The Black Plague (Aka. The Black Death, The Bubonic Plague, or the Terrible Plague) ravaged Europe and Asia for a brief period of time in the 1300s.

In just four years, the Black Plague claimed 200 million lives and roughly 60% of the population of Europe before the illness began to fizzle out. 

At the time, nobody had any knowledge of contagion or how viruses spread. But, over the brief period of time that the plague was most active, doctors and "scientists" were able to pin down where the plague was coming from, and how to prevent the spread from person to person. 

 

For example, Italy chose to seal off their borders to traveling sailors for 30 days before they were allowed in the country. Because of this, Italy had the lowest mortality rate from the plague in the entirety of Europe. ]

Italian officials also invented quarantining, although it was a lot different than it is now. 

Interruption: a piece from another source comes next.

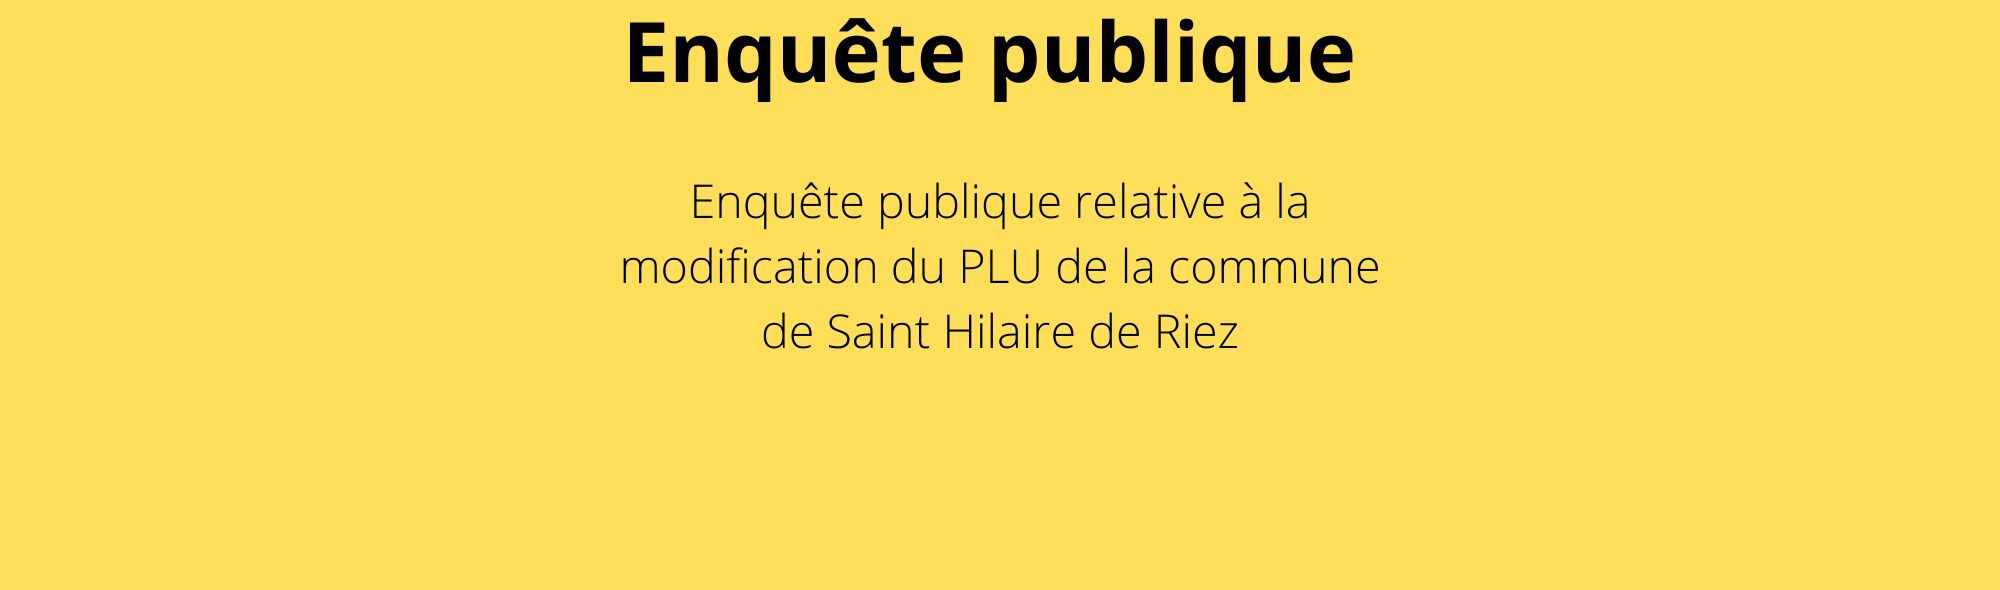 Enquête publique St Hilaire de Riez

If there was a person in a household that was sick, Italian officials would seal the house's windows with wood until the occupants could either prove that they were not sick any longer, or they perished. 

The rest of Europe wasn't so smart about it, but still, 40% of the population of Europe survived due to people discovering how the plague was spread. Occupants who had some sense about them wore covers over their faces to prevent the spread of moisture droplets from themselves to other people. 

This single action, along with self quarantining and social distancing (yes, these concepts existed 700 years ago) saved the remaining population of Europe from devastation. 

However, those who didn't abide by these rules typically died. 

Which side of history do you think you would have stood on?